Bjoern Hoehrmann · Jun 12, 2012

* Ramon F Herrera wrote in comp.text.xml:

Some experimentation indicates that if I have an XML field that ends
like these:

<someword></someword>

or

<someword />

An XPath query will not return anything different from those and
completely weird inexistent path.

Is that the case? How am I supposed to save an empty string??

The XPath data model does not capture the difference between the two
expressions, much like other software might not capture the difference
between "1.000" and "1.0000". You could, in theory, use the difference
between the two instances to indicate an "empty string", but many XML
tools would not be able to tell them apart, so you would either have to
constrain yourself to a specific set of tools (that might break with
the next upgrade) or decide on some alternative representation, say, to
omit the element if the value is an empty string.

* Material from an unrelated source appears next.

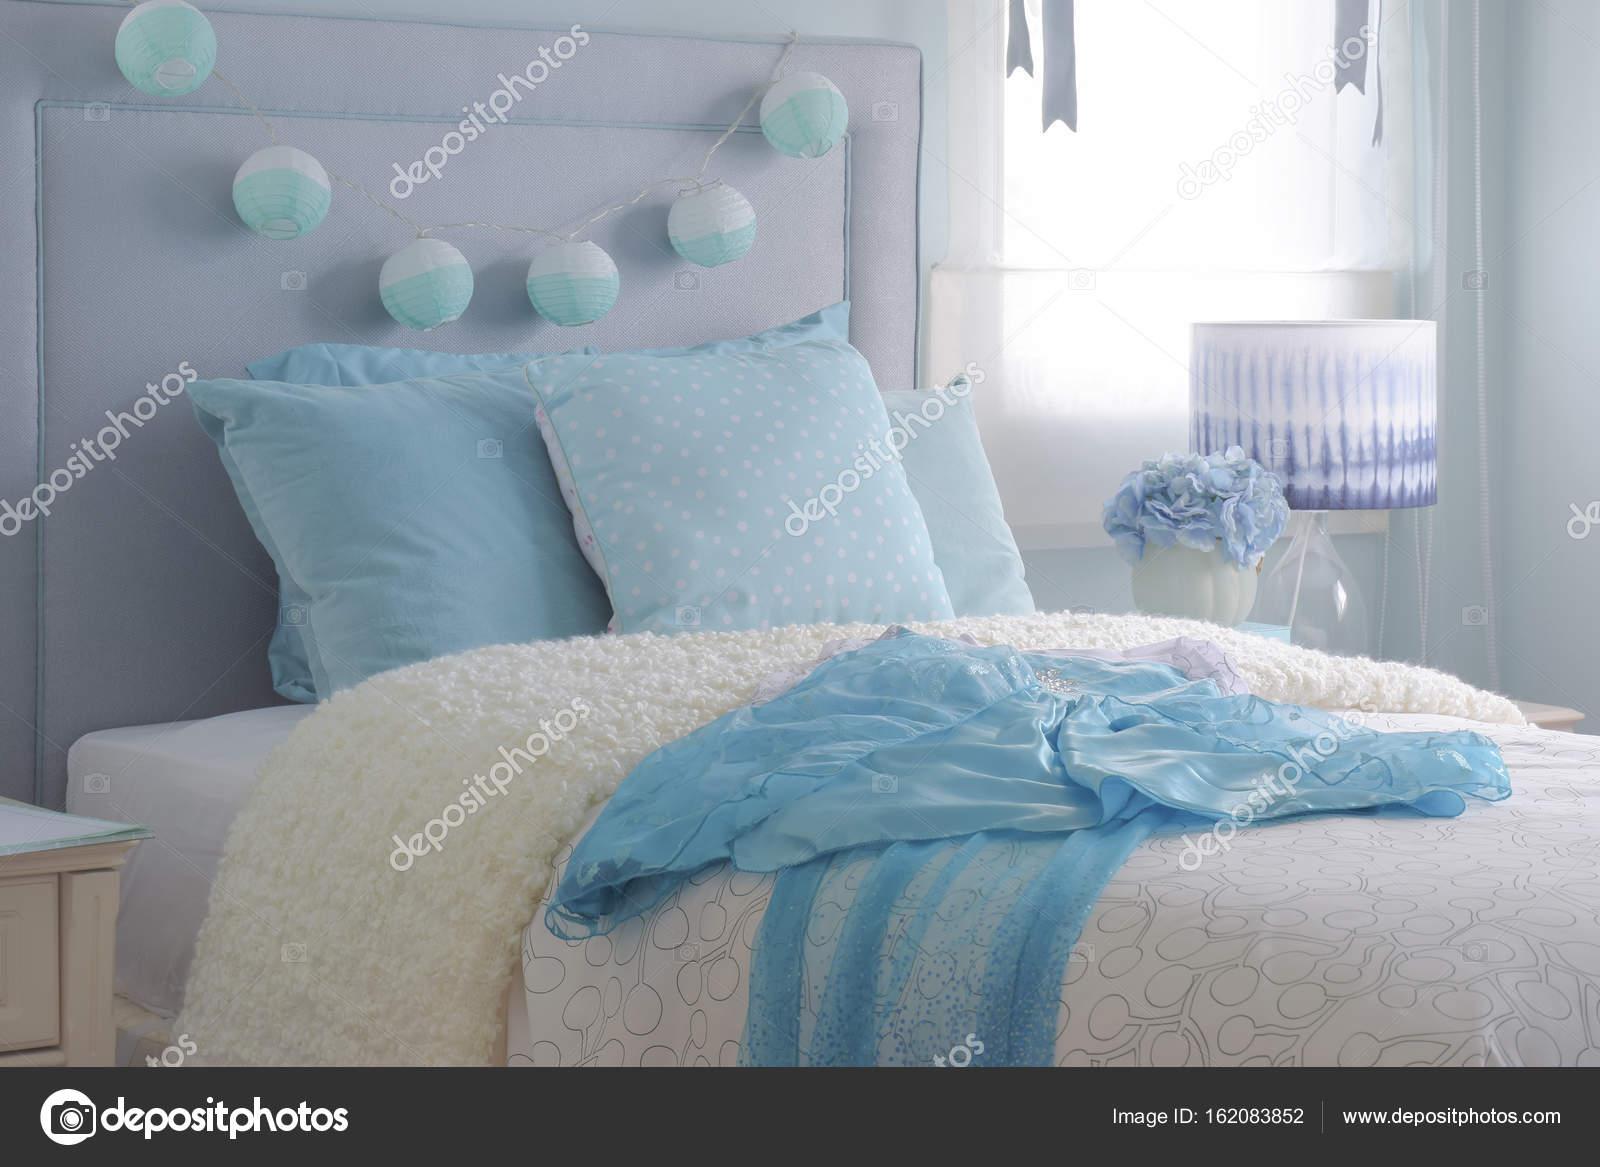 Hell Blau Chiffon Kleid Auf Beige Wattierte Decke In Hell Blau Innen  Schlafzimmer U2014 Foto Von WorldWide_Stock

Joe Kesselman · Jun 12, 2012

<someword></someword>
or
<someword />

Per the definition of the XML Data Model, there is no difference between
the two.

Is that the case? How am I supposed to save an empty string??

If you need to distinguish between null and empty, XML Schema uses an
attribute to flag the former. (See the description of nillable values.)
I'd recommend adopting that approach.

Or simply not having <someword/> present at all...?

--
Joe Kesselman,
http://www.love-song-productions.com/people/keshlam/index.html

{} ASCII Ribbon Campaign | "may'ron DaroQbe'chugh vaj bIrIQbej" --
/\ Stamp out HTML mail! | "Put down the squeezebox & nobody gets hurt."

mayeul.marguet · Jun 13, 2012

Some experimentation indicates that if I have an XML field that ends
like these:

<someword></someword>

or

<someword />

An XPath query will not return anything different from those and
completely weird inexistent path.

If you convert to text, XPath does not distinguish between empty text
and inexistent path. Indeed.

Is that the case? How am I supposed to save an empty string??

Don't convert to text, or don't convert to text yet. Get a list of
elements first.
If the list is empty, the path does not exist. If the list contains
something, the path exist. Get your text from there.

japisoft · Jun 14, 2012

Well,

When your document is parsed, the final result has no difference. But from
the schema/DTD view, there's a
difference because

<!ELEMENT somework EMPTY>

and

<!ELEMENT somework (#PCDATA)>

are not equal, so write :

<someword></someword>

is equal to

<someword/>

is only true if the content type is (#PCDATA) or

<xs:element name="somework" type="xs:string"/> from a W3C Schema.

Best wishes,

A.Brillant
http://www.editix.com - XML Editor

"Ramon F Herrera" a écrit dans le message de groupe de discussion :
(e-mail address removed)...

Some experimentation indicates that if I have an XML field that ends
like these:

<someword></someword>

or

<someword />

An XPath query will not return anything different from those and
completely weird inexistent path.

Is that the case? How am I supposed to save an empty string??

-Ramon

Alain Ketterlin · Jun 14, 2012

japisoft said:
When your document is parsed, the final result has no difference. But
from the schema/DTD view, there's a
difference because

<!ELEMENT somework EMPTY>

and

<!ELEMENT somework (#PCDATA)>

are not equal, so write :

<someword></someword>

is equal to

<someword/>

is only true if the content type is (#PCDATA) or

Do you have a source for this claim? I think it's wrong. (Not the fact
that #PCDATA and EMPTY are different, the fact that there is a
difference between the two forms of empty elements.)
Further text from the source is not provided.